From the material below, return exactly the lines starting at the one that holds "Bartender Job Description" and ending at the one that holds "RARE Kelly the". Pictures stay out of the answer.

**RECORDS TO PROCESS**
- - -

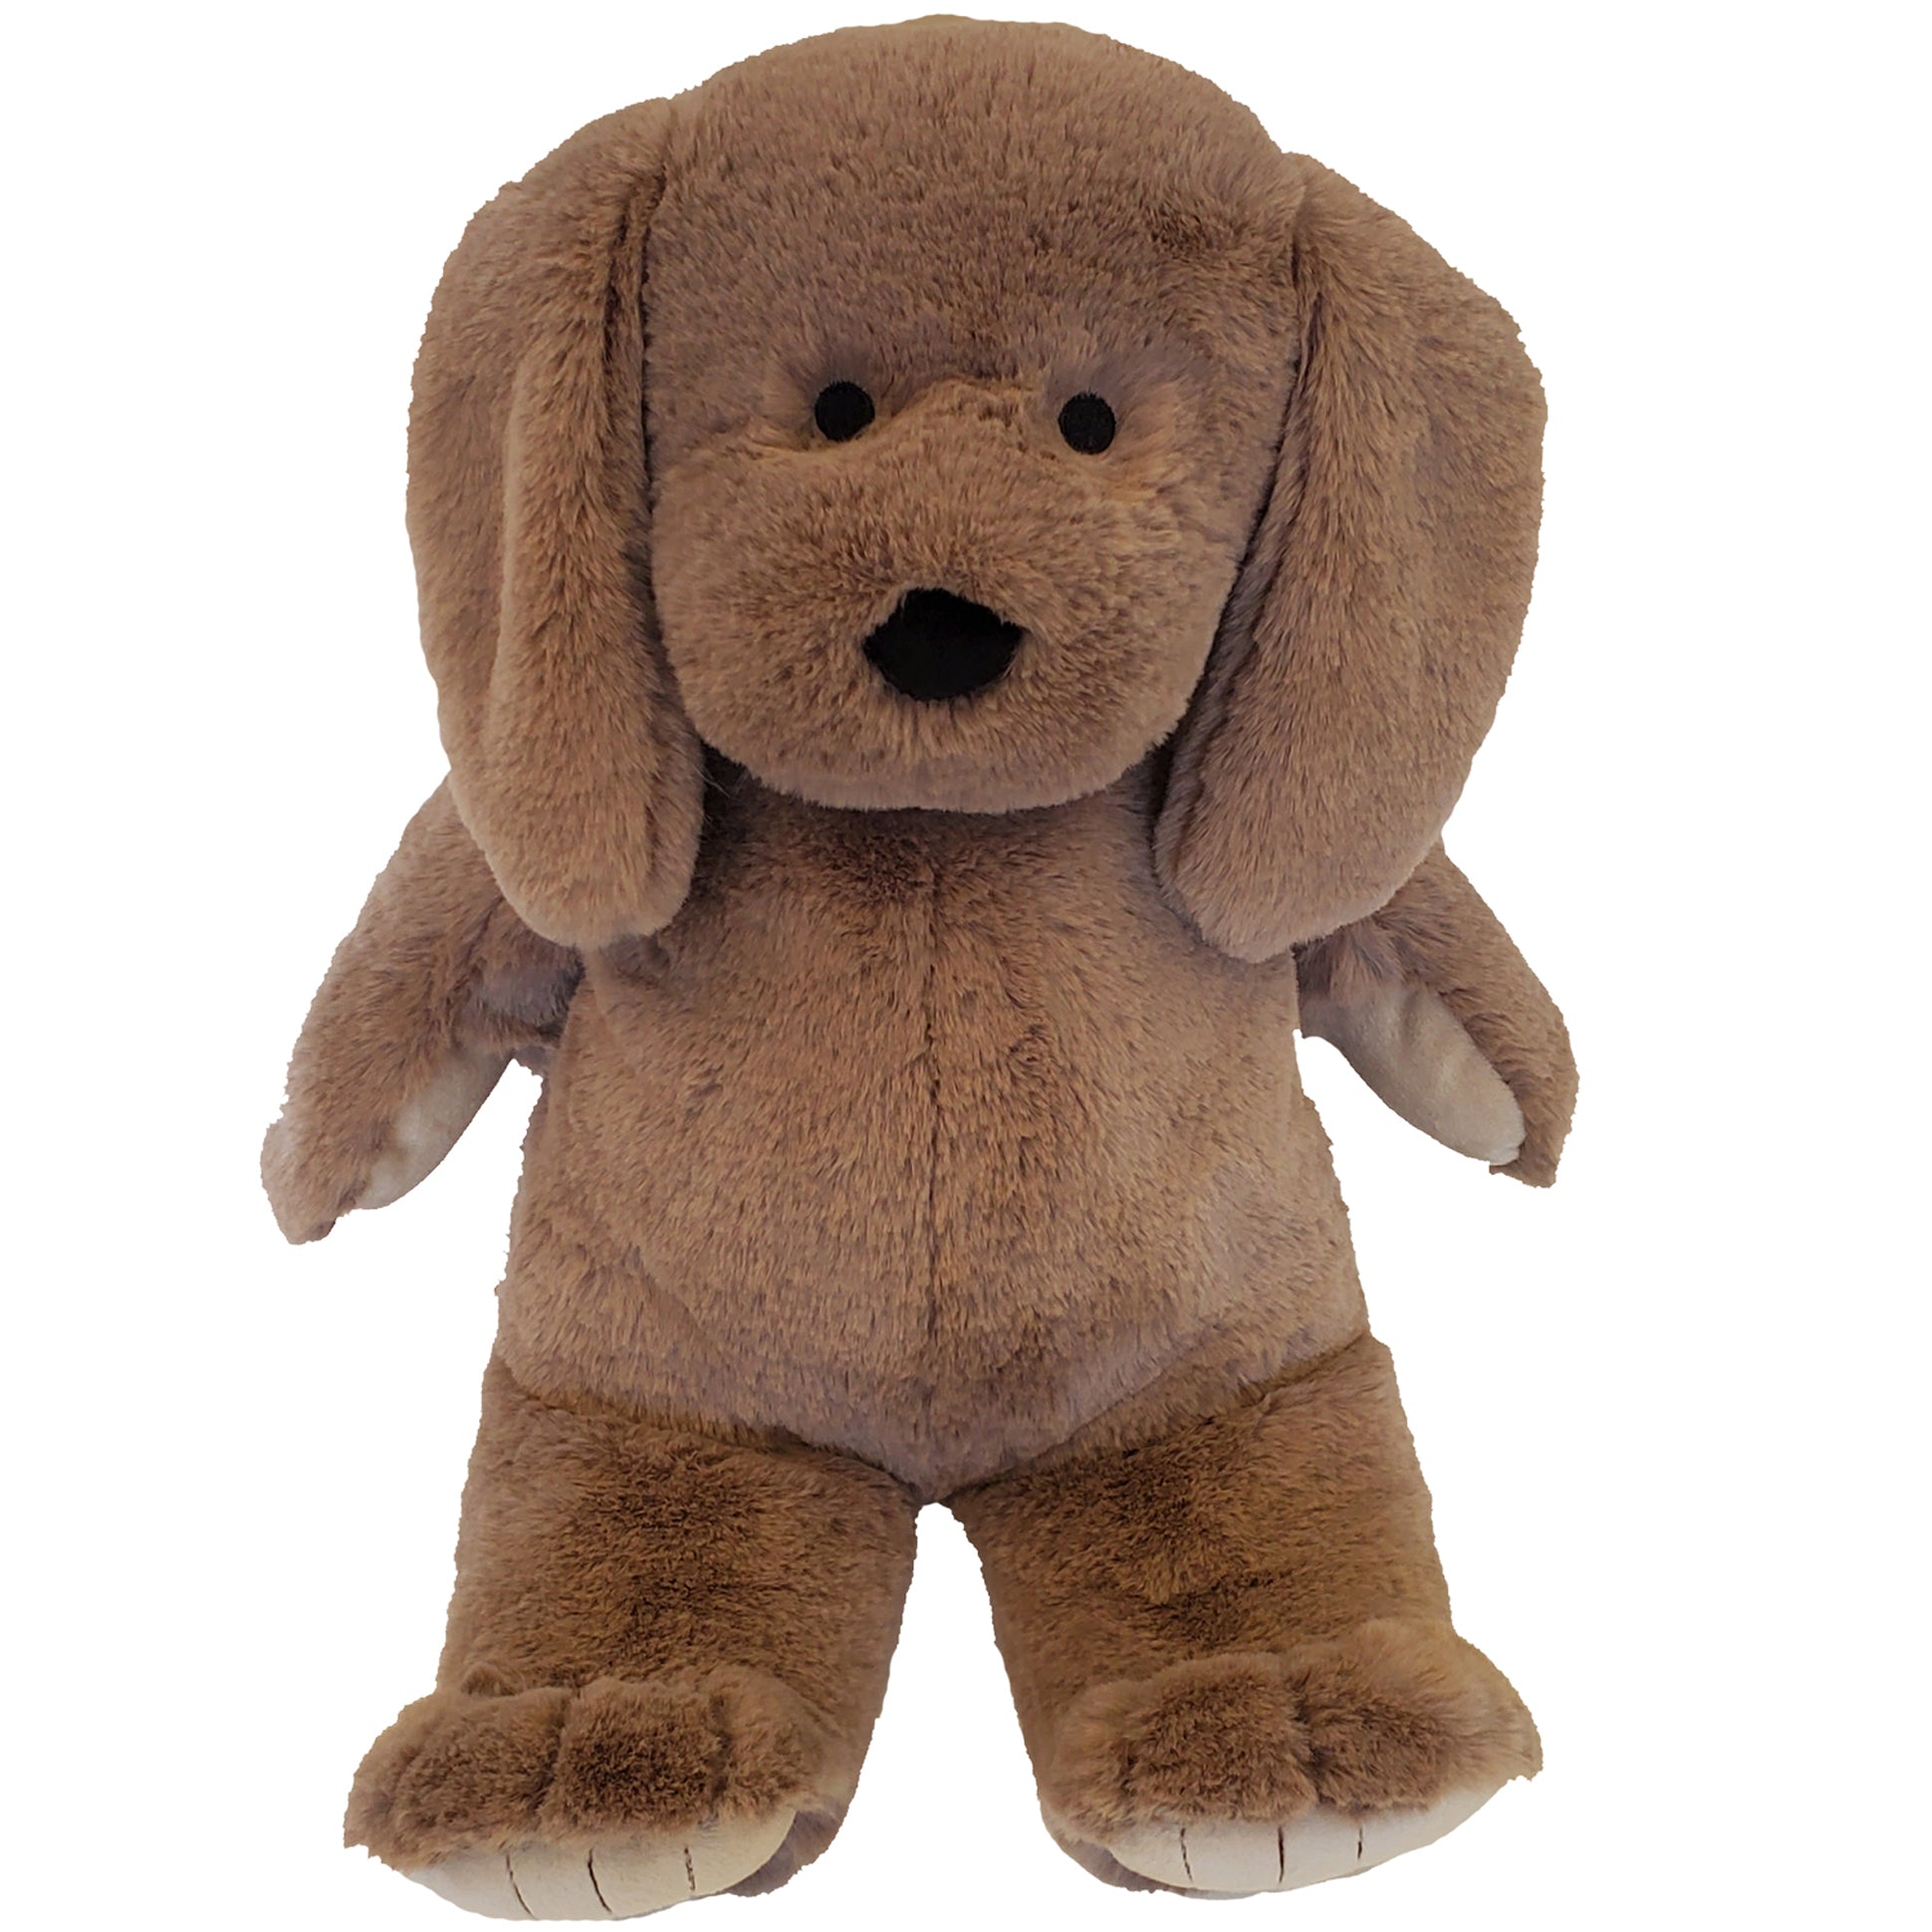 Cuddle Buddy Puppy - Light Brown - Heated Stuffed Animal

- - -

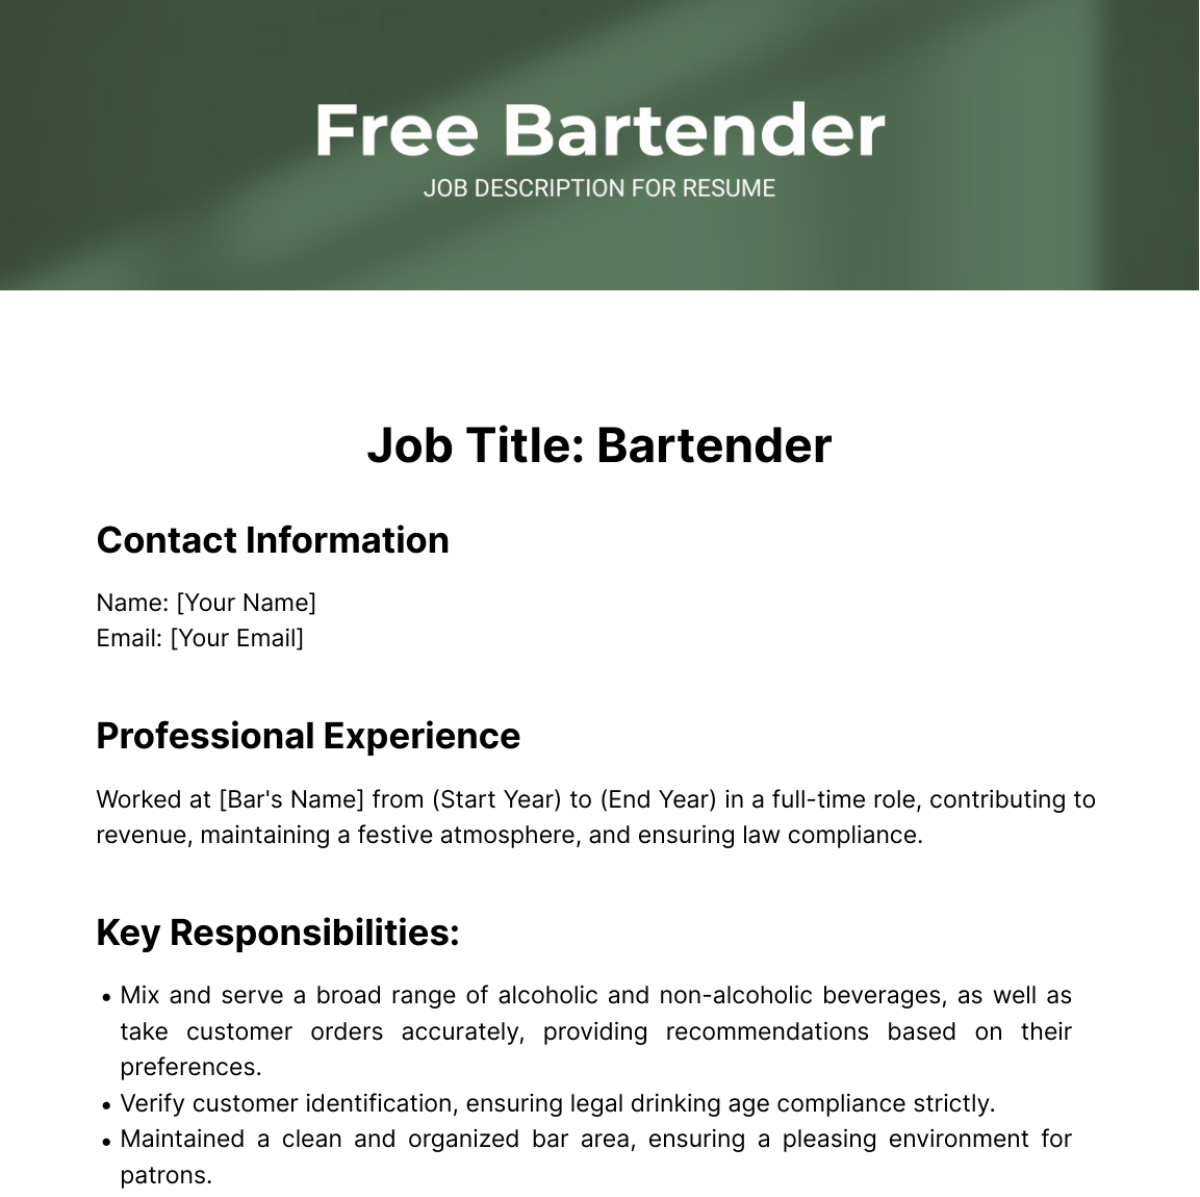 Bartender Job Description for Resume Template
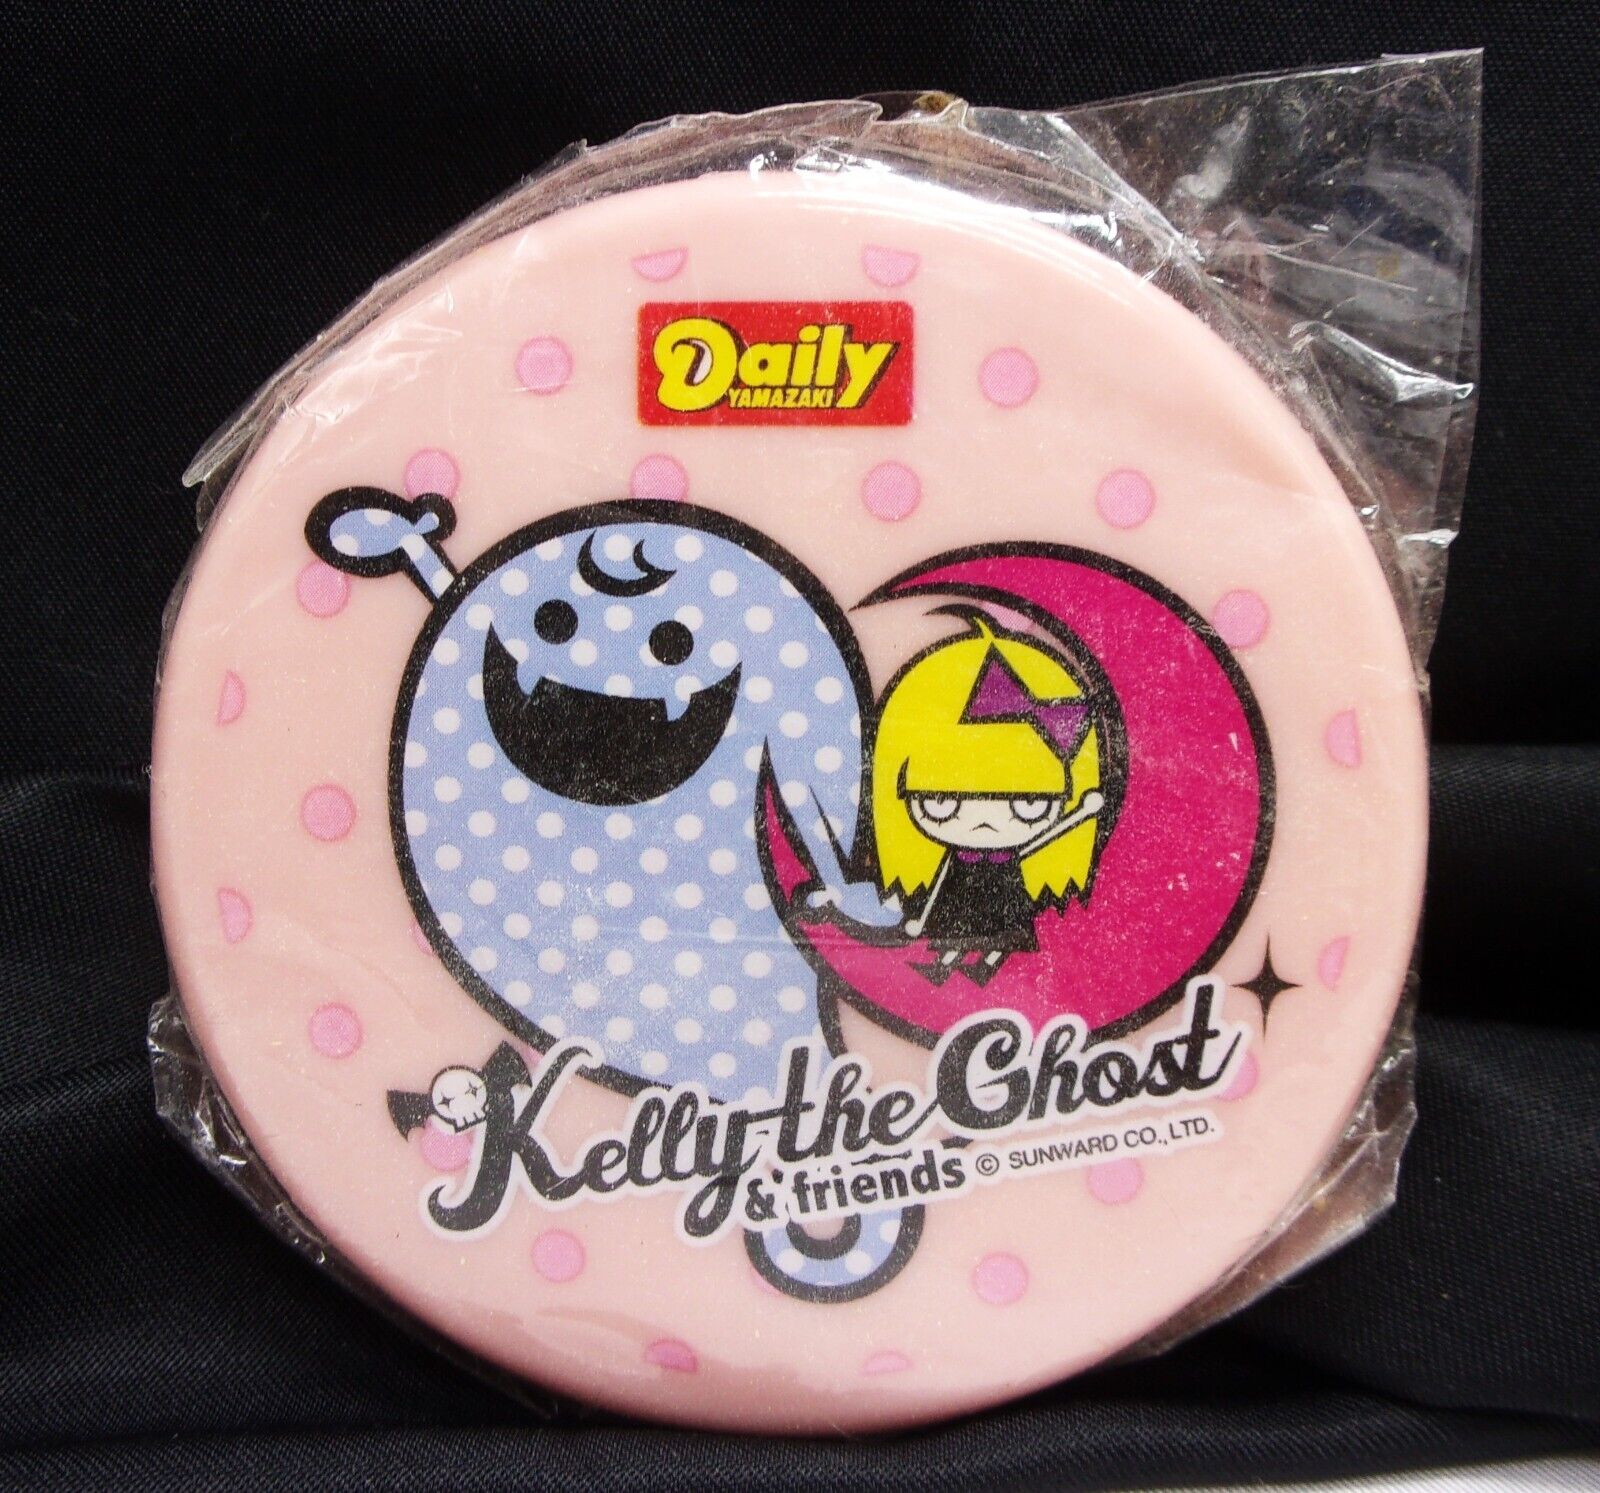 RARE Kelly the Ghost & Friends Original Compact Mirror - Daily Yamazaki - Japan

- - -

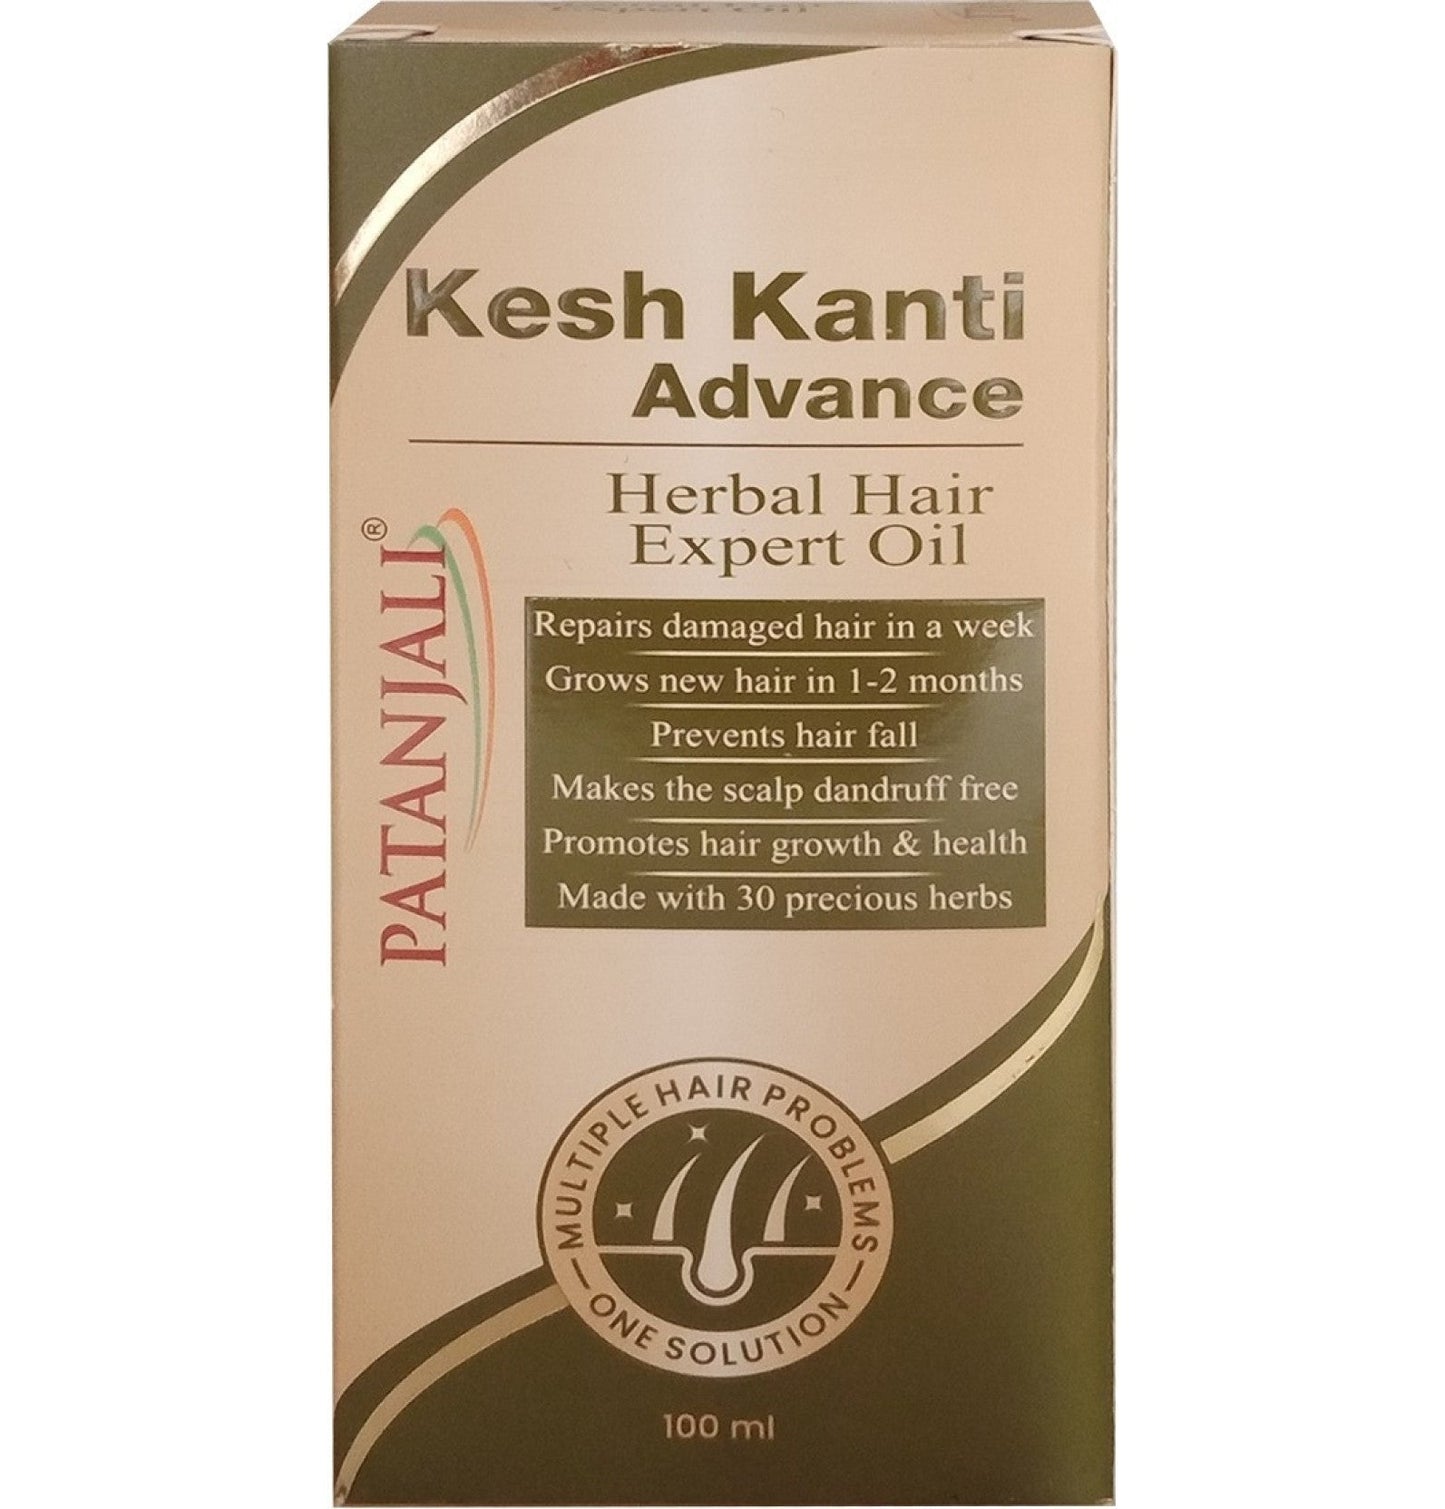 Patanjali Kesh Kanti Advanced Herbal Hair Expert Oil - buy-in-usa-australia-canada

- - -

**REPLY TO THE EXERCISE**
 Bartender Job Description for Resume Template
 RARE Kelly the Ghost & Friends Original Compact Mirror - Daily Yamazaki - Japan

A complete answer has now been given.